DoublyListLazy is transformed into DoublyList
SinglyListLazy is transformed into SinglyList

This transformation has no cost, and can as well be reverted with no cost calling the into_lazy_reclaim method.

The auto mode will reclaim memory whenever the ratio of active nodes to total used nodes; i.e., node utilization, falls below a certain threshold.

§Examples

use orx_linked_list::*;

let mut list: DoublyList<_> = DoublyList::new();

// growing will never invalidate indices
let a = list.push_back('a');
let b = list.push_back('b');
let c = list.push_front('c');
let d = list.push_front('d');

assert_eq!(list.node_utilization().num_active_nodes, 4);
assert_eq!(list.node_utilization().num_closed_nodes, 0);

// make lazy
let mut list: DoublyListLazy<_> = list.into_lazy_reclaim();

// now removals will never lead to an automatic reorganization
// hence a, b, c, d will never be invalidated unless they are removed
let pop = list.pop_back();
assert_eq!(pop, Some('b'));

assert_eq!(list.node_utilization().num_active_nodes, 3);
assert_eq!(list.node_utilization().num_closed_nodes, 1);

// we can still use the indices to have constant time access to nodes

assert_eq!(list.idx_err(a), None);
assert_eq!(list.idx_err(b), Some(NodeIdxError::RemovedNode));
assert_eq!(list.idx_err(c), None);
assert_eq!(list.idx_err(d), None);

assert_eq!(list.get(a), Some(&'a'));
assert_eq!(list.get(b), None);
assert_eq!(list.get(c), Some(&'c'));
assert_eq!(list.get(d), Some(&'d'));

// make auto again
let mut list: DoublyList<_> = list.into_auto_reclaim();

// now removals might lead to reorganization if node utilization
// falls below a certain threshold (75% when D=2).
let pop = list.remove(d);
assert_eq!(pop, 'd');

// 2 removed nodes reclaimed (b, d); 2 active nodes remains (c, a)
assert_eq!(list.node_utilization().num_active_nodes, 2);
assert_eq!(list.node_utilization().num_closed_nodes, 0);

// node positions might have change during reorganization
assert_eq!(list.idx_err(a), Some(NodeIdxError::ReorganizedCollection));
assert_eq!(list.idx_err(b), Some(NodeIdxError::ReorganizedCollection));
// or prior position does not belong to the storage any more
assert_eq!(list.idx_err(c), Some(NodeIdxError::OutOfBounds));
assert_eq!(list.idx_err(d), Some(NodeIdxError::OutOfBounds));

// indices can no longer be used to access the elements
assert_eq!(list.get(a), None);
assert_eq!(list.get(b), None);
assert_eq!(list.get(c), None);
assert_eq!(list.get(d), None);

// we can recollect valid indices if necessary
let idx: Vec<_> = list.indices().collect();
assert_eq!(list.get(idx[0]), Some(&'c'));
assert_eq!(list.get(idx[1]), Some(&'a'));

Source

pub fn into_auto_reclaim_with_threshold<const D: usize>( self, ) -> SinglyListThreshold<D, T, P>

Transforms the list into auto memory reclaim mode, such as:

DoublyListLazy is transformed into DoublyList
SinglyListLazy is transformed into SinglyList

This transformation has no cost, and can as well be reverted with no cost calling the into_lazy_reclaim method.
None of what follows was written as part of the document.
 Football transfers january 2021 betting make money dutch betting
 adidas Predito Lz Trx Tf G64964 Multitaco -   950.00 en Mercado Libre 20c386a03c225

The auto mode will reclaim memory whenever the ratio of active nodes to total used nodes; i.e., node utilization, falls below a certain threshold.

§Examples

use orx_linked_list::*;

let mut list: DoublyList<_> = DoublyList::new();

// growing will never invalidate indices
let a = list.push_back('a');
let b = list.push_back('b');
let c = list.push_front('c');
let d = list.push_front('d');

assert_eq!(list.node_utilization().num_active_nodes, 4);
assert_eq!(list.node_utilization().num_closed_nodes, 0);

// make lazy
let mut list: DoublyListLazy<_> = list.into_lazy_reclaim();

// now removals will never lead to an automatic reorganization
// hence a, b, c, d will never be invalidated unless they are removed
let pop = list.pop_back();
assert_eq!(pop, Some('b'));

assert_eq!(list.node_utilization().num_active_nodes, 3);
assert_eq!(list.node_utilization().num_closed_nodes, 1);

// we can still use the indices to have constant time access to nodes

assert_eq!(list.idx_err(a), None);
assert_eq!(list.idx_err(b), Some(NodeIdxError::RemovedNode));
assert_eq!(list.idx_err(c), None);
assert_eq!(list.idx_err(d), None);

assert_eq!(list.get(a), Some(&'a'));
assert_eq!(list.get(b), None);
assert_eq!(list.get(c), Some(&'c'));
assert_eq!(list.get(d), Some(&'d'));

// make auto again
let mut list: DoublyList<_> = list.into_auto_reclaim();

// now removals might lead to reorganization if node utilization
// falls below a certain threshold (75% when D=2).
let pop = list.remove(d);
assert_eq!(pop, 'd');

// 2 removed nodes reclaimed (b, d); 2 active nodes remains (c, a)
assert_eq!(list.node_utilization().num_active_nodes, 2);
assert_eq!(list.node_utilization().num_closed_nodes, 0);

// node positions might have change during reorganization
assert_eq!(list.idx_err(a), Some(NodeIdxError::ReorganizedCollection));
assert_eq!(list.idx_err(b), Some(NodeIdxError::ReorganizedCollection));
// or prior position does not belong to the storage any more
assert_eq!(list.idx_err(c), Some(NodeIdxError::OutOfBounds));
assert_eq!(list.idx_err(d), Some(NodeIdxError::OutOfBounds));

// indices can no longer be used to access the elements
assert_eq!(list.get(a), None);
assert_eq!(list.get(b), None);
assert_eq!(list.get(c), None);
assert_eq!(list.get(d), None);

// we can recollect valid indices if necessary
let idx: Vec<_> = list.indices().collect();
assert_eq!(list.get(idx[0]), Some(&'c'));
assert_eq!(list.get(idx[1]), Some(&'a'));